Take white as another example of a color that often gets used to excess. A lot of people who suffer from SAD (seasonal affective disorder) will paint all their walls white, LaMont says. But while white is a wonderful accent color that plays well off other colors, “if you have white everywhere, you create a white shadow and it shadows only into a cold gray.”
“That’s the only thing it can do. Cold grays are like living in a battleship,” she says. “They’re suffering from SAD, but what they haven’t done is bring in sunlight. So what I do is leave the white ceiling so it will work against the wall color, whatever it is, and bring in other colors.”
LaMont prefers to consult with clients from the very beginning of a home’s construction or remodel, because coordinating colors is about so much more than choosing paint colors. “Paint is pretty much the last,” she says. “You don’t want to get the cart before the horse.” If she’s involved from the beginning, she can help guide choices about everything in the interior — countertops, cabinetry, flooring, window treatments —?to make sure the colors work together.
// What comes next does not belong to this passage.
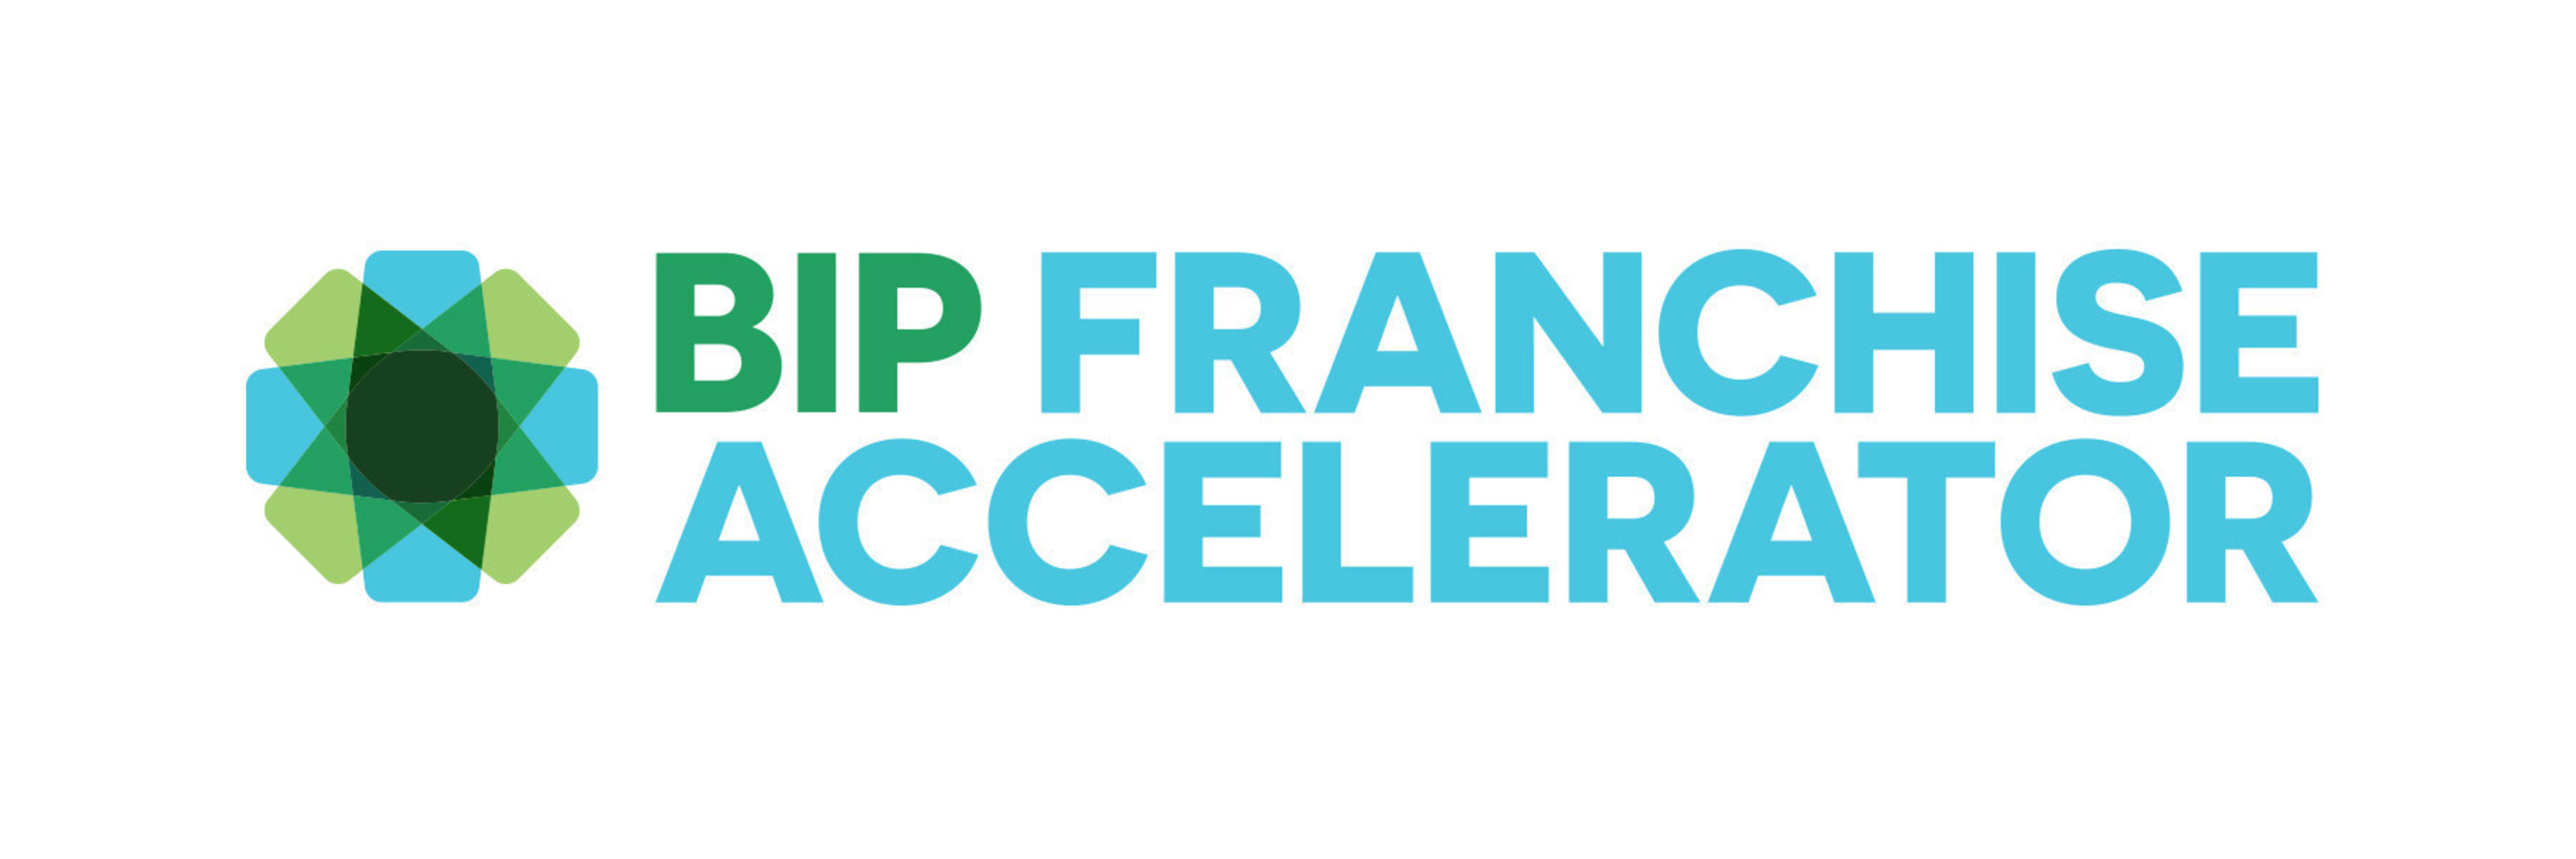 BIP Franchise Accelerator logo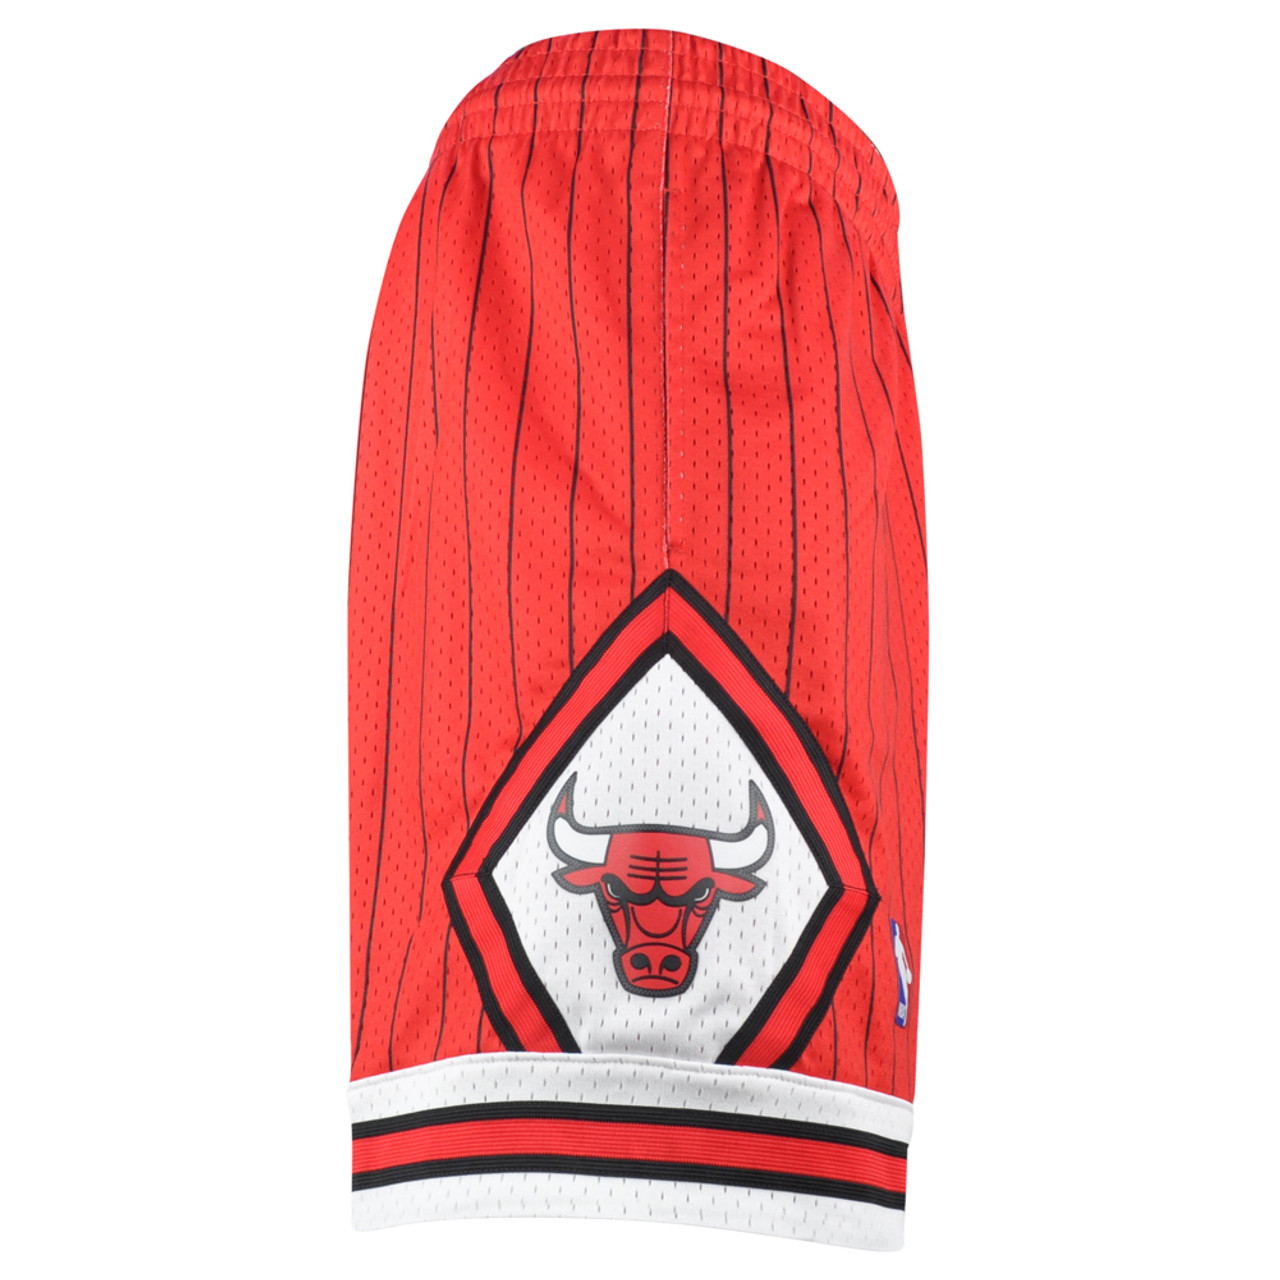 NBA Mitchell Ness Chicago Bulls Fadeaway 95 Swingman Adult Basketball Shorts

LaMont sometimes gets called into situations where conflict is evident, but she relishes these situations as opportunities. “All my friends tease me that I’m a color therapist,” she says. “I’m the color marriage therapist. It’s amazing how color is so very important to people. And it’s not just the wall color.
“So many times, people are like, ‘Well, I don’t want to give in. I want it my way,'” LaMont says. So she asks them to think about red and green, traditional Christmas colors that are “adamantly opposed” and “complete opposites on the color wheel.”
“They couldn’t be more opposite, and yet they’re complementary, and the reason is that when we put those two colors together, they make each other look better, number one, but they also vie for attention, so you can get a lot more energized from those two colors being next to each other than if you put colors together that are next to each other on the color wheel,” she says.
“We put those two colors together and they’re complementing, not compromising,” she says with a smile. “There’s no ‘it’s my way or the other.’ They’re both equal, they both make each other look better.”
In the end, it’s all about making a space come alive. “It’s really great when you start to sculpt a space with color, because if you had everything be the same tone, it would be flat-line,” she says. “You want the rhythm, you don’t want the flat line. You want movement, you want modulation. That’s what makes us get up and go. That’s the ‘wow’ factor.”